BEGIN RAW DATA
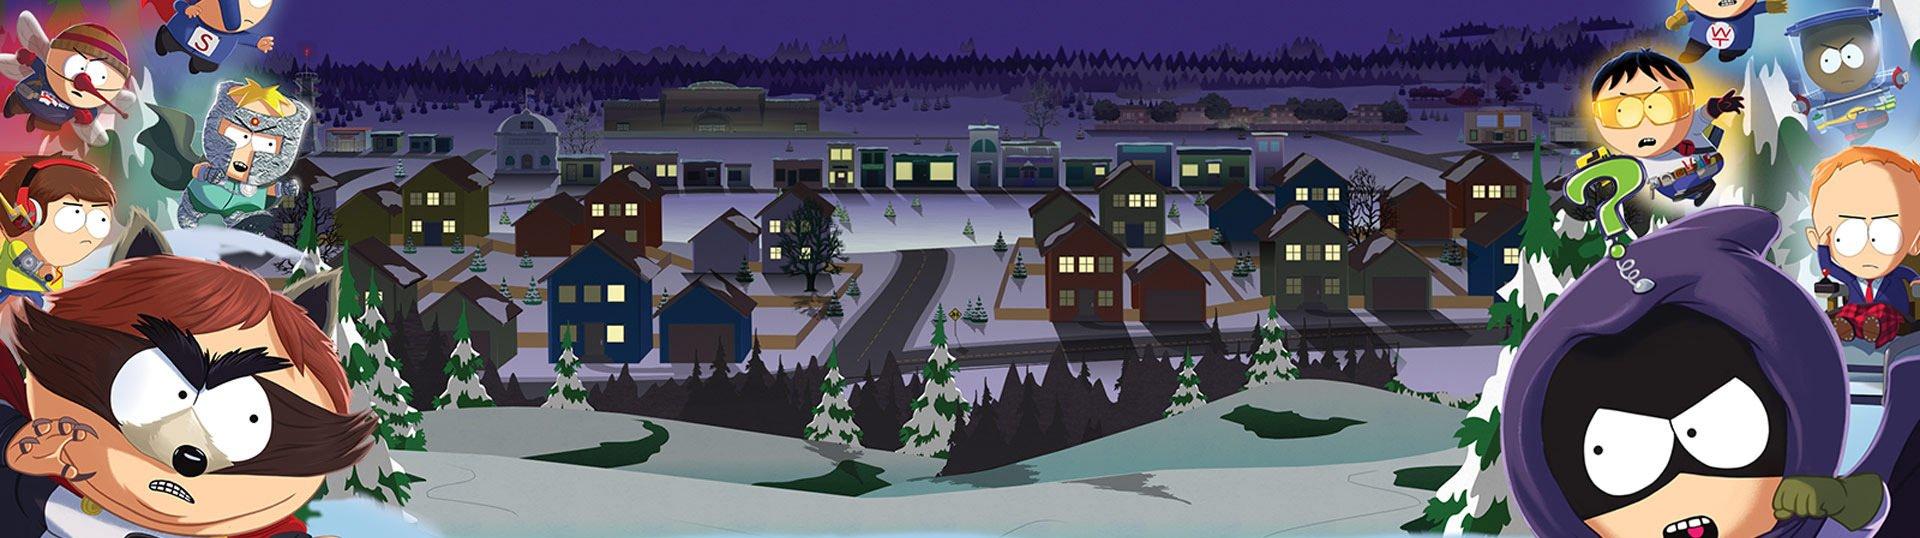 South Park: Die rektakuläre Zerreißprobe Gold Edition Xbox One - Standard 9,99 - Der Stab der Wahrheit 9,99
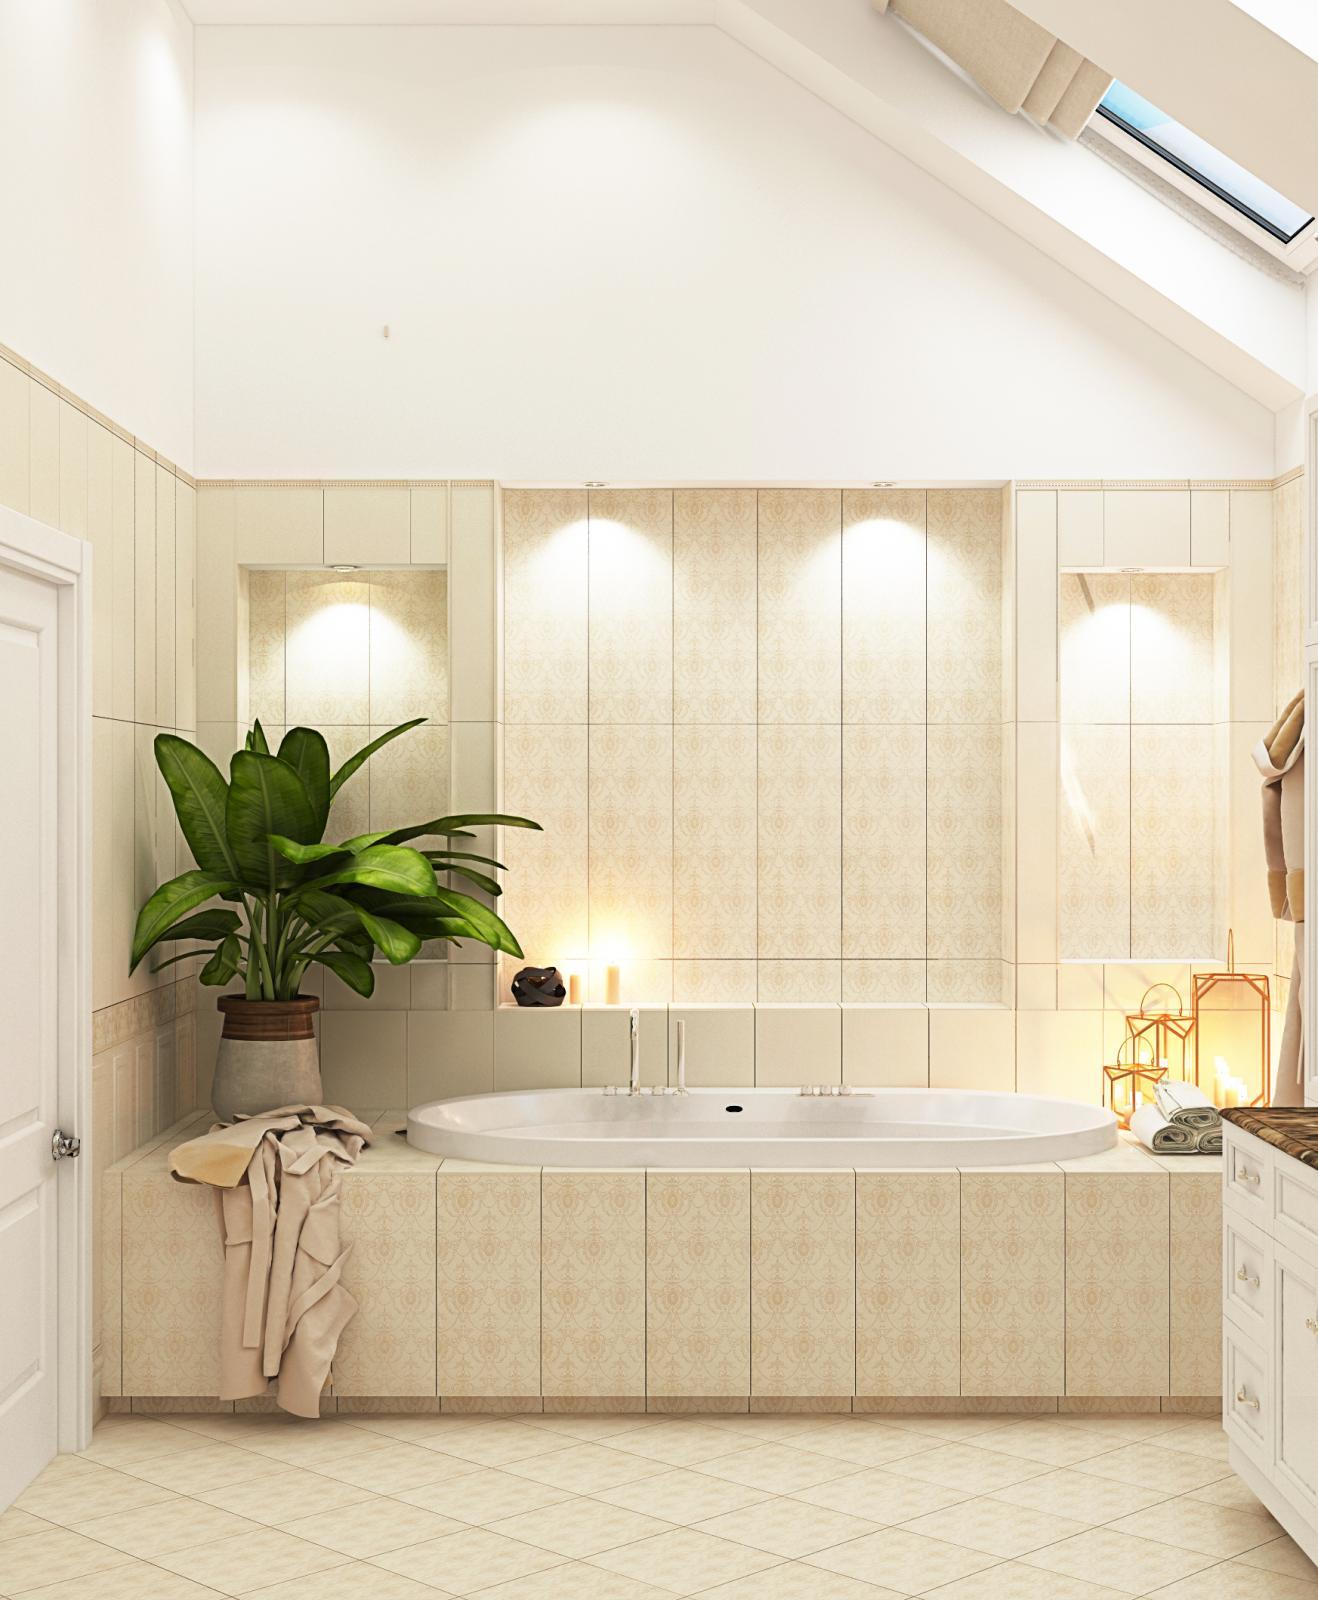 Ванная комната для загородного дома в прованском стиле
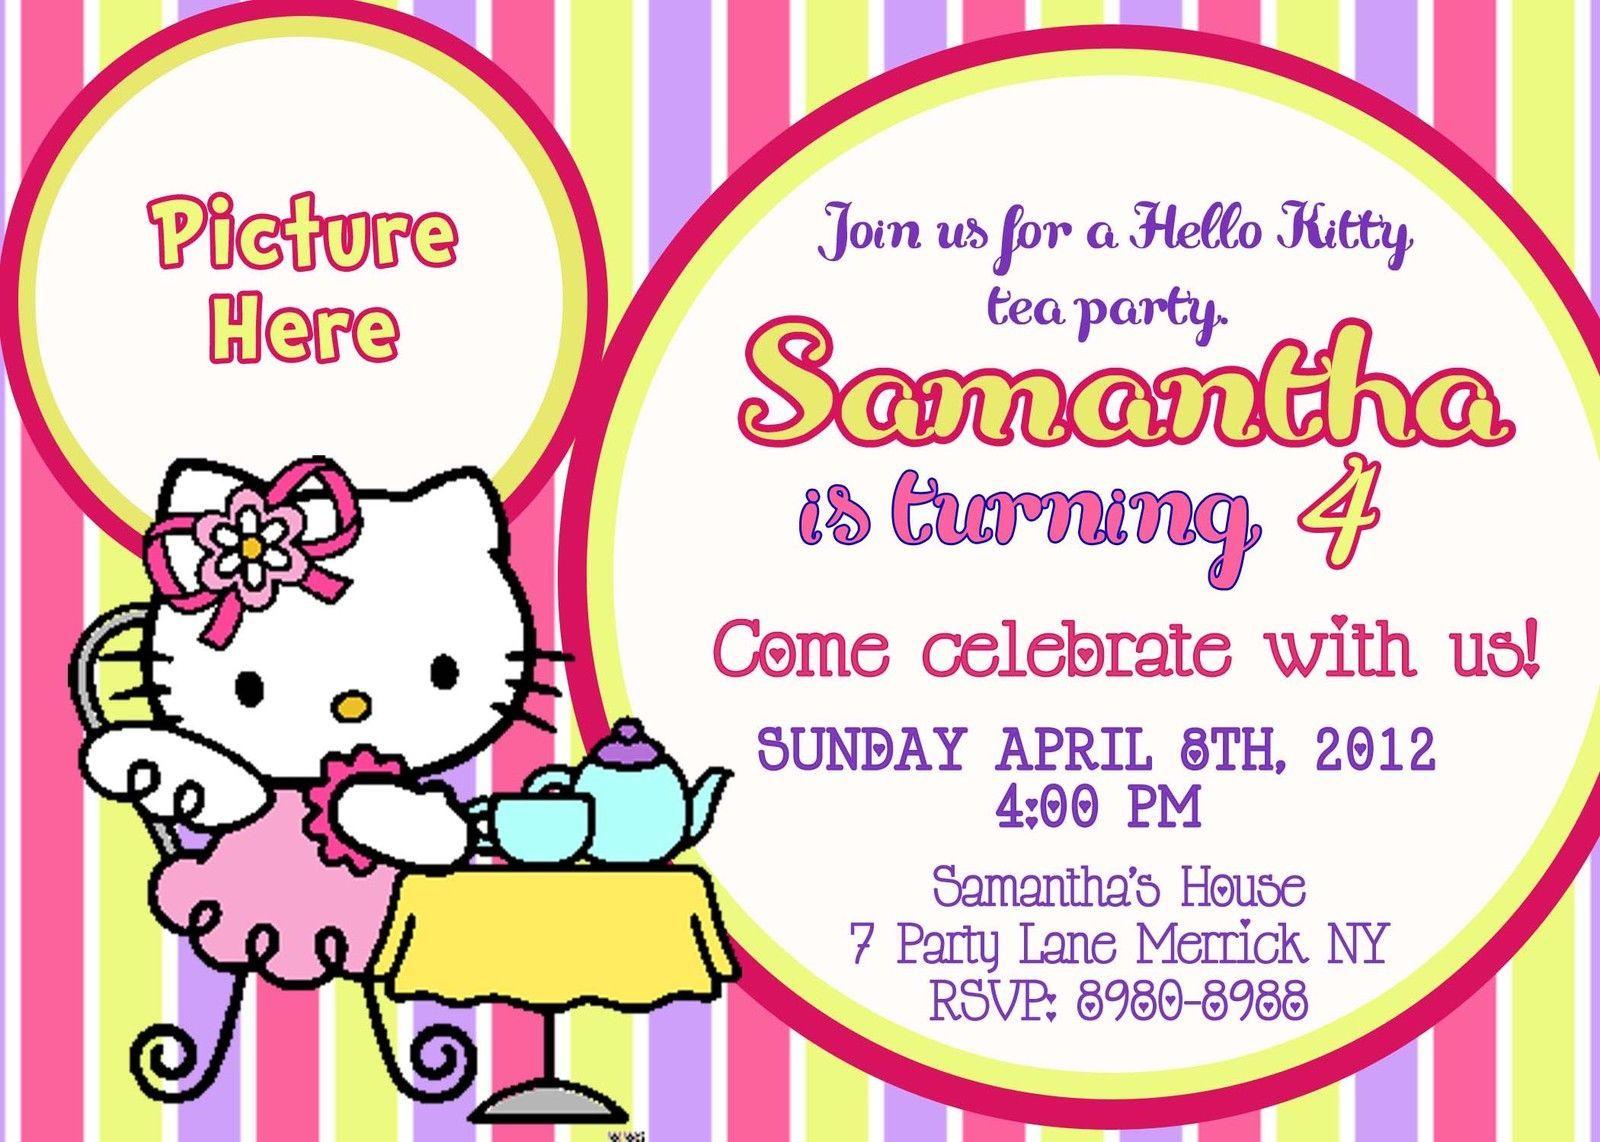 Free Printable Hello Kitty Birthday Party Invitations Hello kitty
END RAW DATA
## TASK ITEM
Set down the entire material verbatim, with each picture left out.

## ANSWER SPACE
 South Park: Die rektakuläre Zerreißprobe Gold Edition Xbox One - Standard 9,99 - Der Stab der Wahrheit 9,99
 Ванная комната для загородного дома в прованском стиле
 Free Printable Hello Kitty Birthday Party Invitations Hello kitty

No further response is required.